The shift works and again I’m rewarded again with a long and glorious session of simple-mindedness in looking at ice.
Having been squatting down for a while, I change position to encourage circulation to move into my left foot, and instead imagination flows in. I see images of the sea, land, and sky, in motion. The ice reveals storm whipped waves breaking over rocks. A marshmallow man flying through the sky among clouds with a bird over his head. A huge headed lobster. A slug playing a violin.
I notice the outline of two faces, ears, nose, eyebrows, chin, cheek, in deep serious conversation….no doubt regarding what to do about climate change. I lean in as if to see if they had any recommendations regarding what I should say to my clueless friend. When I do, I break through the ice along the stream edge, dislodging the “canvas” containing the two faces.

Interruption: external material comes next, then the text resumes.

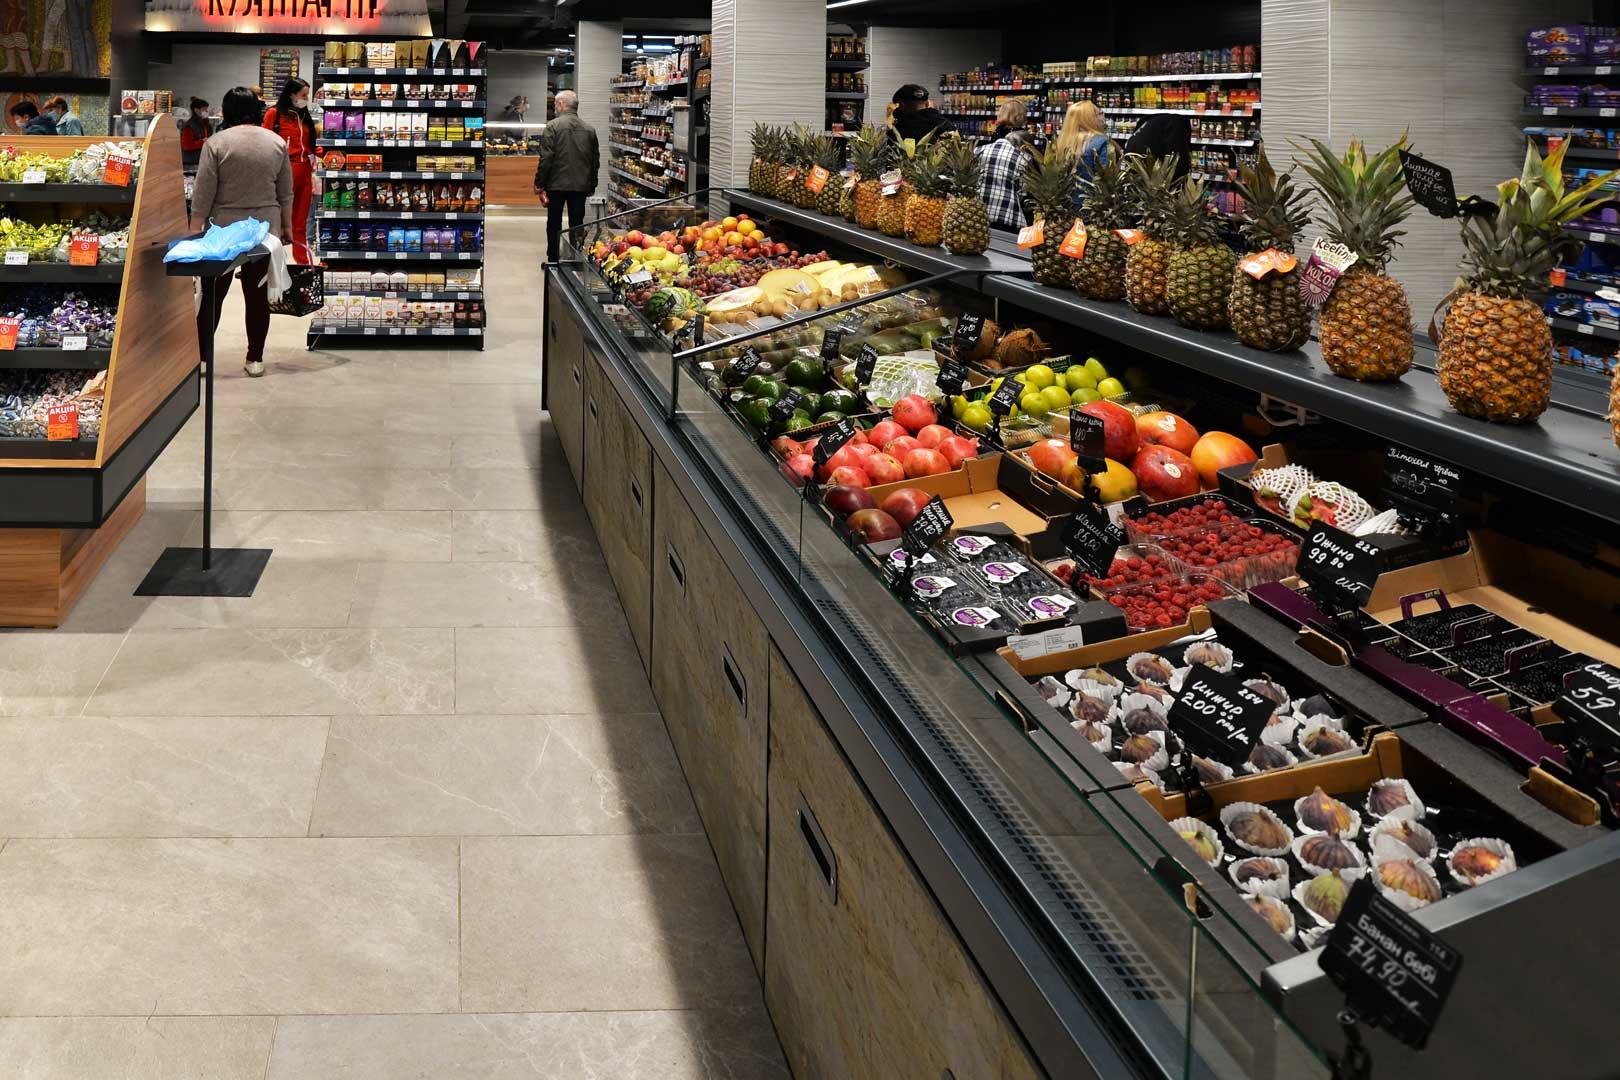 """Спеціалізовані вітрини для продажу овочів та фруктів Мissouri MC 110 deli VF PP self 110, супермаркет """"Сім'я"""""""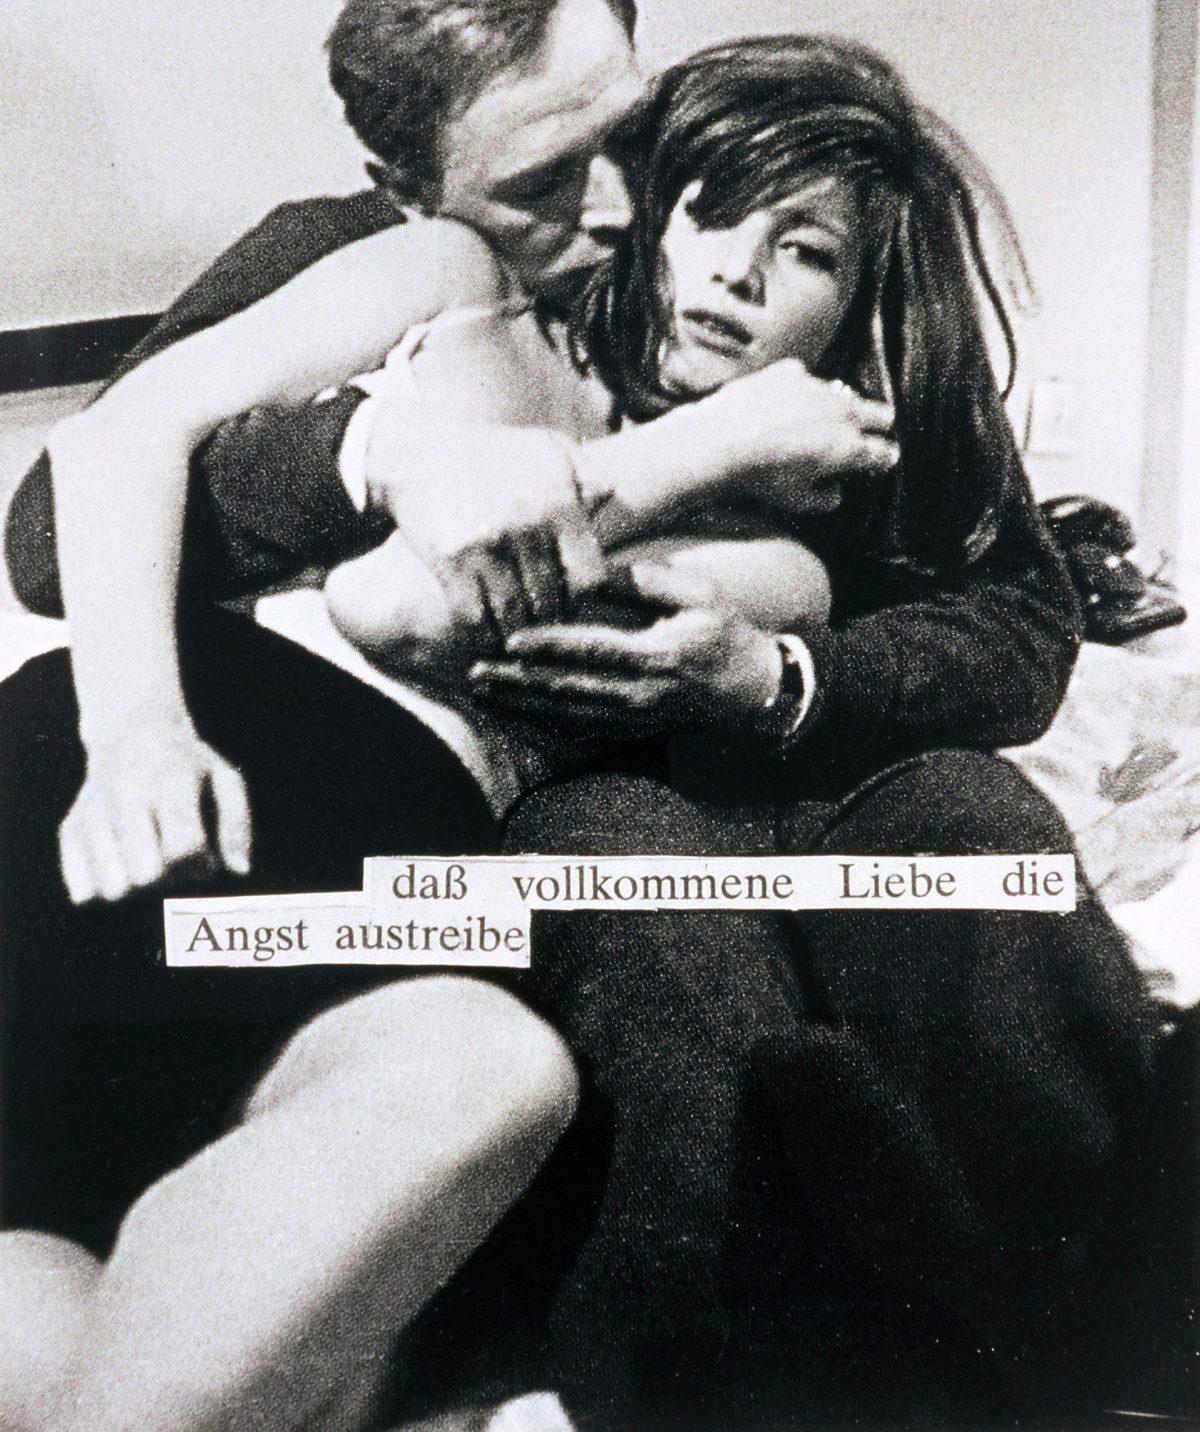 """Die Fotoarbeit von Astrid Klein """"Ohne Titel (daß vollkommene Liebe …)"""""""

I watch as they float downstream bumping into obstacles and finally coming to rest against another icy masterpiece.
Having done my part to reinforce the concepts of transience and impermanence, I stand up with a sense of accomplishment and take a deep breathe.
On the walk back, I think more about the locked energies of nature, and internalize it to think about it on a personal level. I appreciate that my walks in nature create for me boundless and endless renewable energies of positive outlook, peaceful well-being, energized activism, and a sharpened ability to focus.
Nature comes through for me again, as it always does.